I strongly suspect that if the Conservatives polled this sort of level in a General Election (likely), then the electoral map would be so different anyway, that the bias would unwind - although only up to a point (about the 1992 level when it was still distorted).

Also these projected majorities don't always take into account swings from the Lib Dems, where we can make large gains if we do the work.

The distortion is largely caused by low Labour turnouts in their safe seats. But I think low turnout is kind of bad for democracy as a whole, regardless of party.

Also, a situation where the Conservatives are on 40+ should mean they attract less tactical voting against them.

I would also hope we have an tough marginal seats program aswell.

@Chris C

Was this part of the Scottish You Gov poll mentioned on the BBC?

As a quick rule of thumb it would appear that whilst 41% of the vote will result in a Tory victory it really needs 43% to ensure a decent working majority to last a full Parliament. Watch the share of the vote as well as the lead over Labour and do not discount the spoiler effect of the Lib-Dems and to a lesser extent UKIP and the BNP as regards saving Labour's bacon in some Lab-Con marginals.

A good Scot-Nat result North of the Border is of course favourable to the Conservatives as it will hurt Labour far more than us.

To say sorry is easy aand usless. The only thing that matters is to get things right. In these touchy feely P.C Times It seems that the conservative leadership is playing to that element in society. We need firm tough policies if we are ever to straighten this country out again. No matter what people say About Mrs Thatcher it was her toughness that pulled this country back from the brink.
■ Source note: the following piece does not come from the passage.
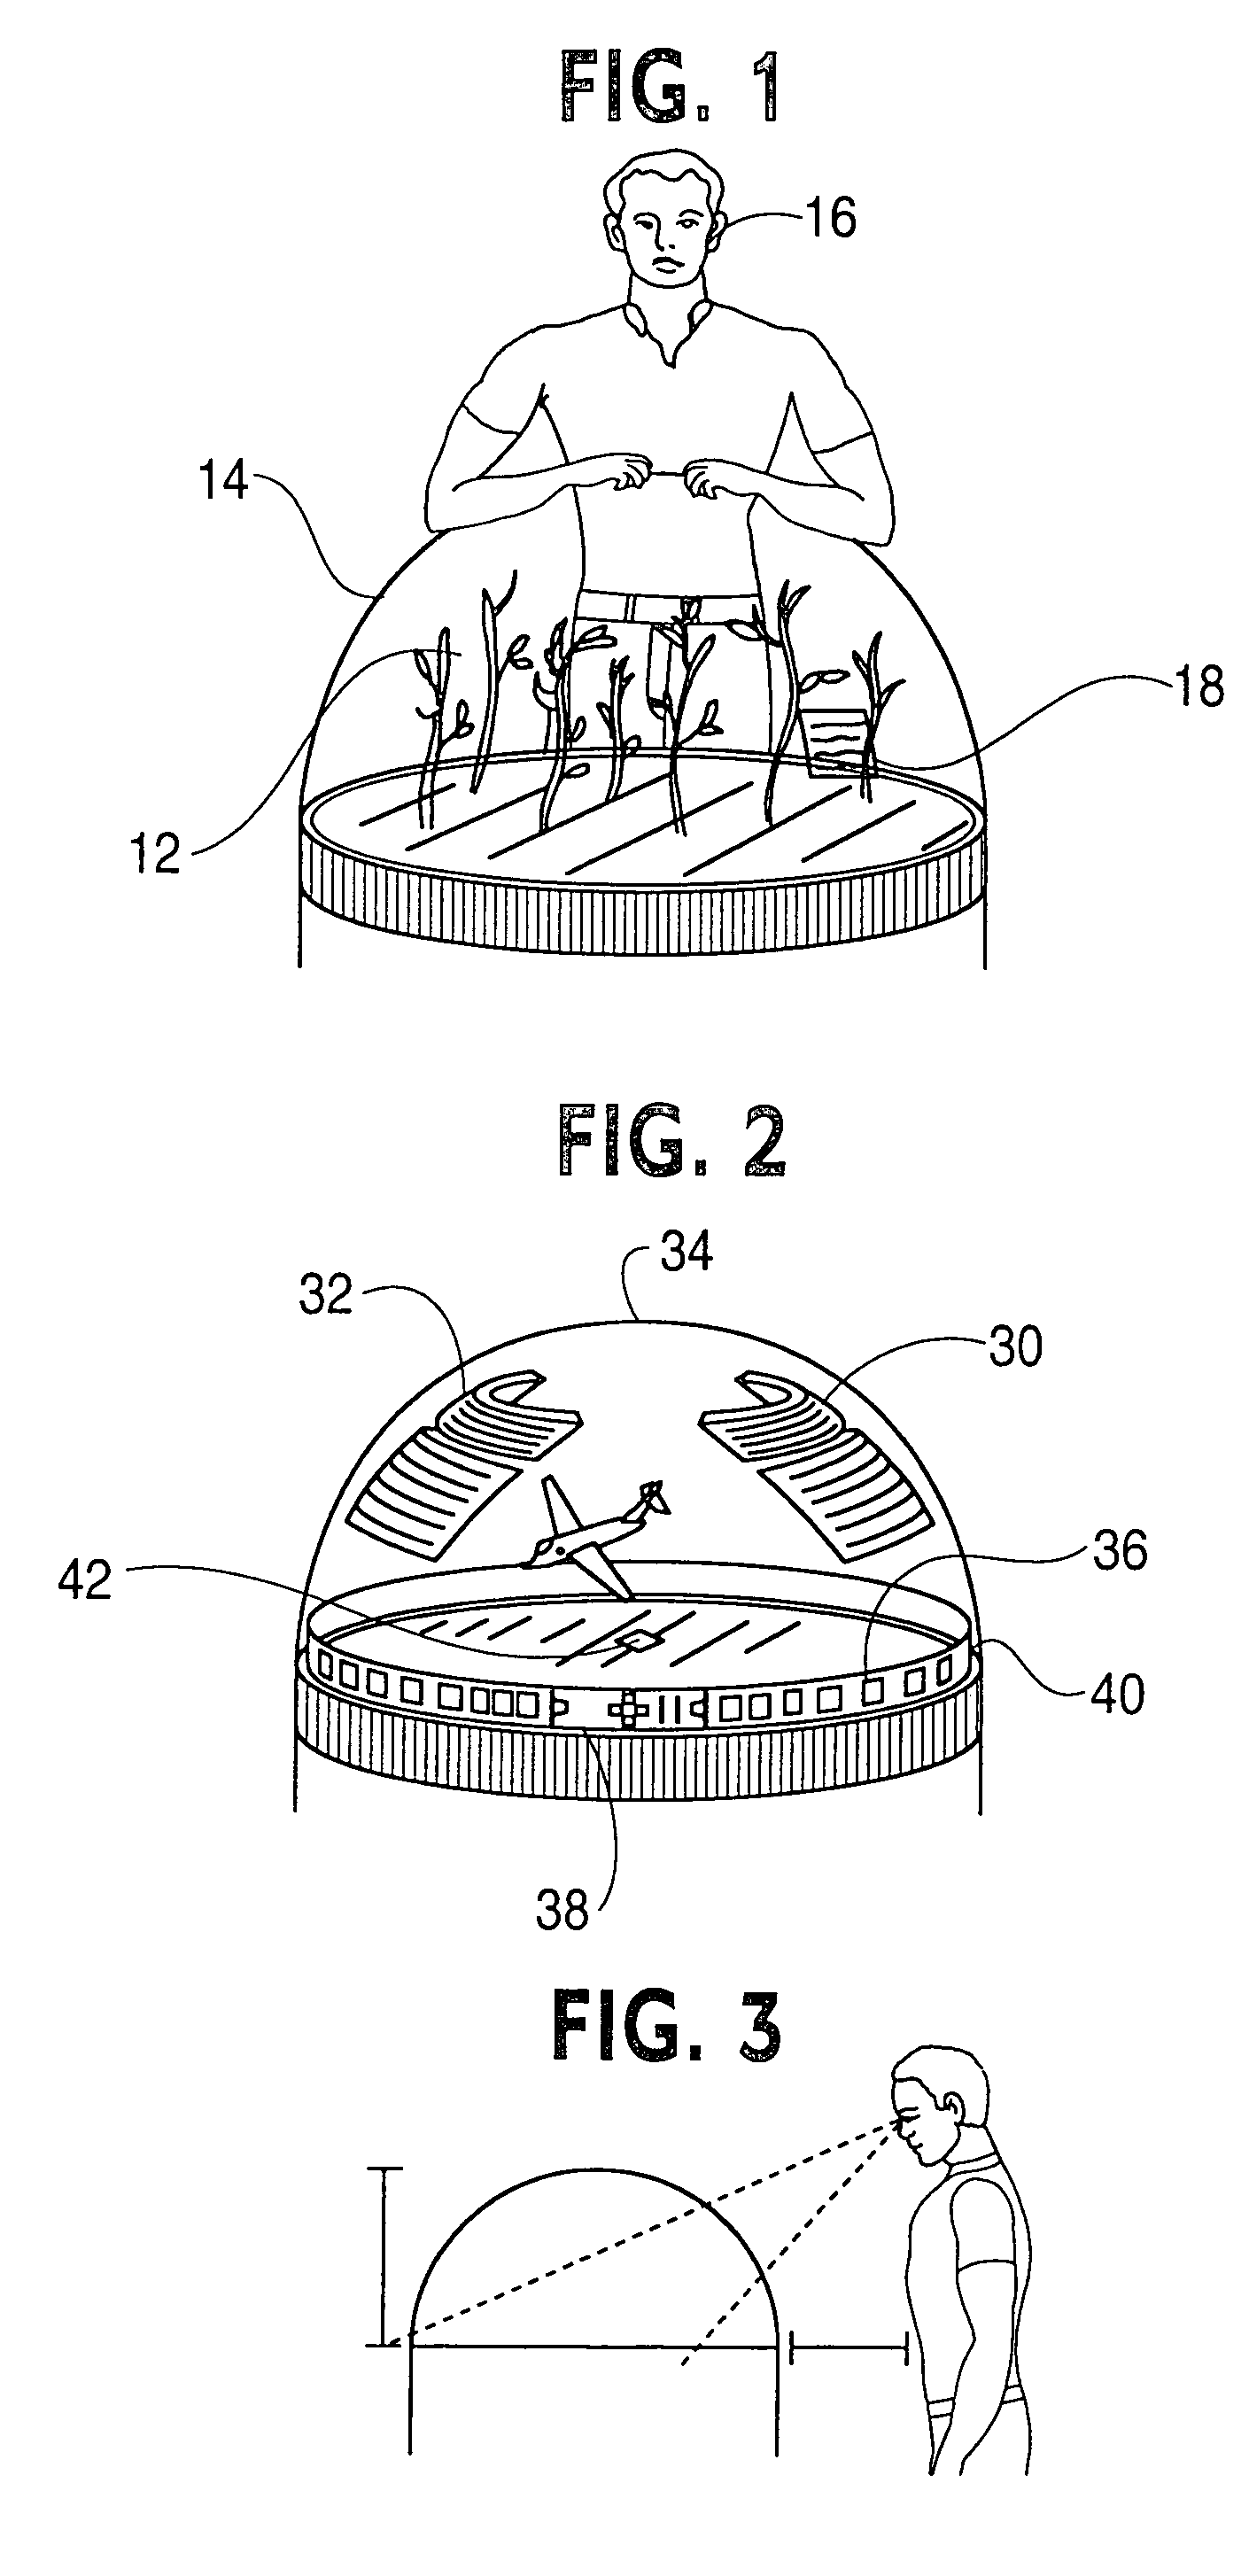 Widgets displayed and operable on a surface of a volumetric display enclosure
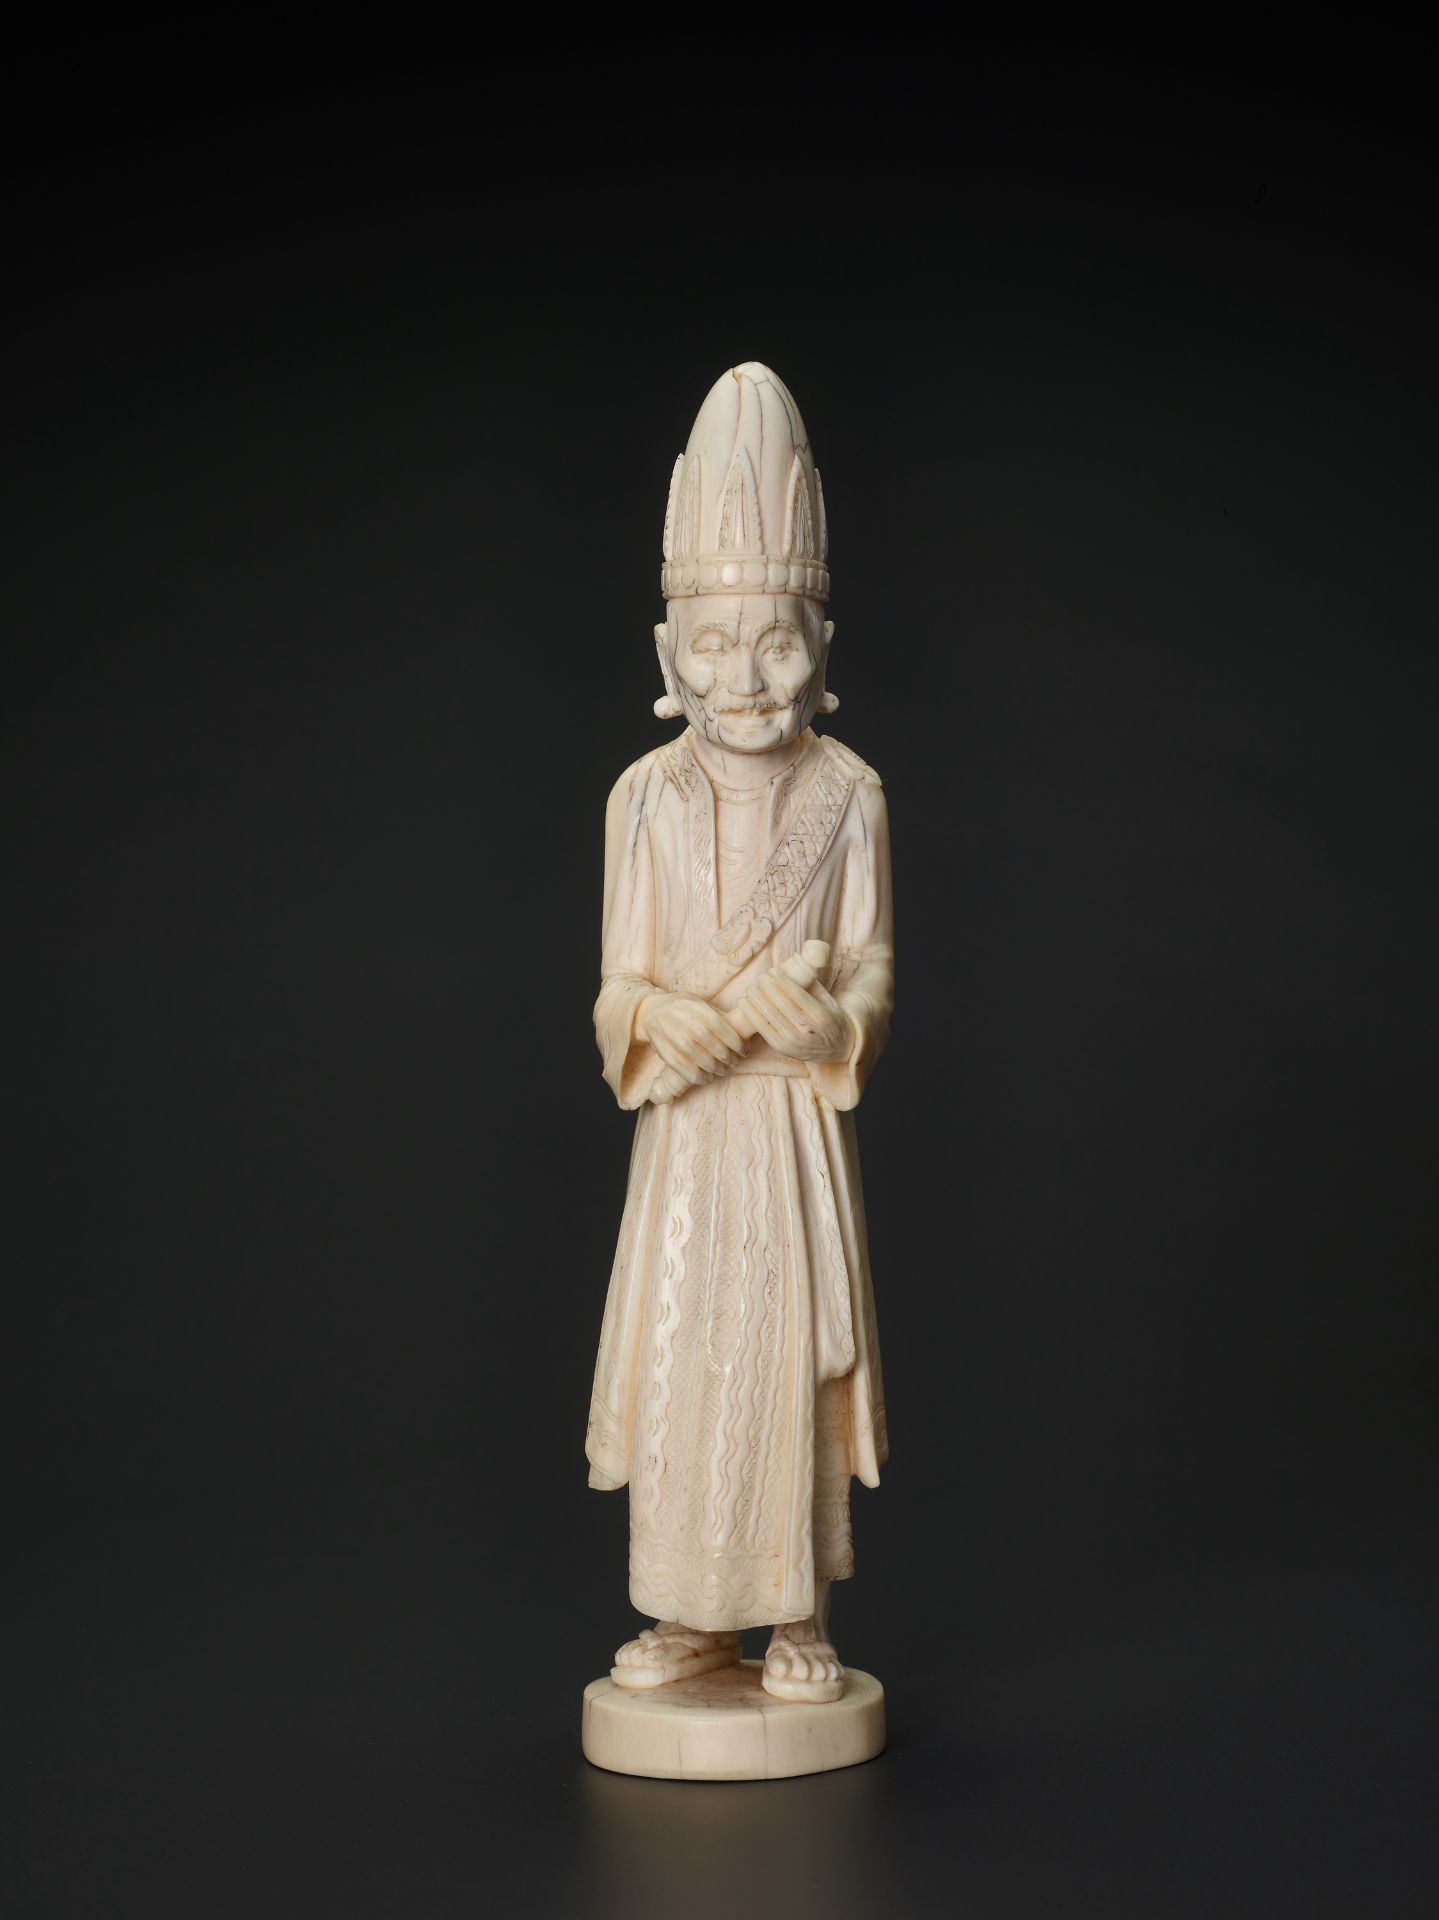 A 19TH CENTURY INDO-PERSIAN IVORY SCULPTURE OF A PRIEST - Image 5 of 6

We know David C has to be careful what he says and that be is a modern man,husband and father but I must say he needs much more than that to be Prime Minister


Not as far as I know, usual BBC non-mention of polls policy, but the Sunday Times in Scotland led with its polls, though they concentrated on the fact that Labour had overtaken SNP in support for Holyrood for first time since the 2007 election.

That may seem odd to people south of the border but may have more to do with decline in SNP fortunes than any particular success on Labour's part.

If you want to see full listings they are here: http://www.yougov.co.uk/extranets/ygarchives/content/pdf/Scottish_ST_March09.pdf

It's a 'proper' poll with sample of about 1400 so the Scottish voting figures should be fairly accurate (which they are not when drawn from UK wide polls as a rule). Crossing my fingers, Tories moving in right direction up here, we could yet post 21-22% at the election, would go from 4th to 3rd in overall voting and would be a solid increase from just 16% in 2005, especially in a four party system.

Chris C.

Sorry should have added that the Westminster voting intentions in Scotland were Lab 37%, SNP 27%, Con 20%, LD 11%.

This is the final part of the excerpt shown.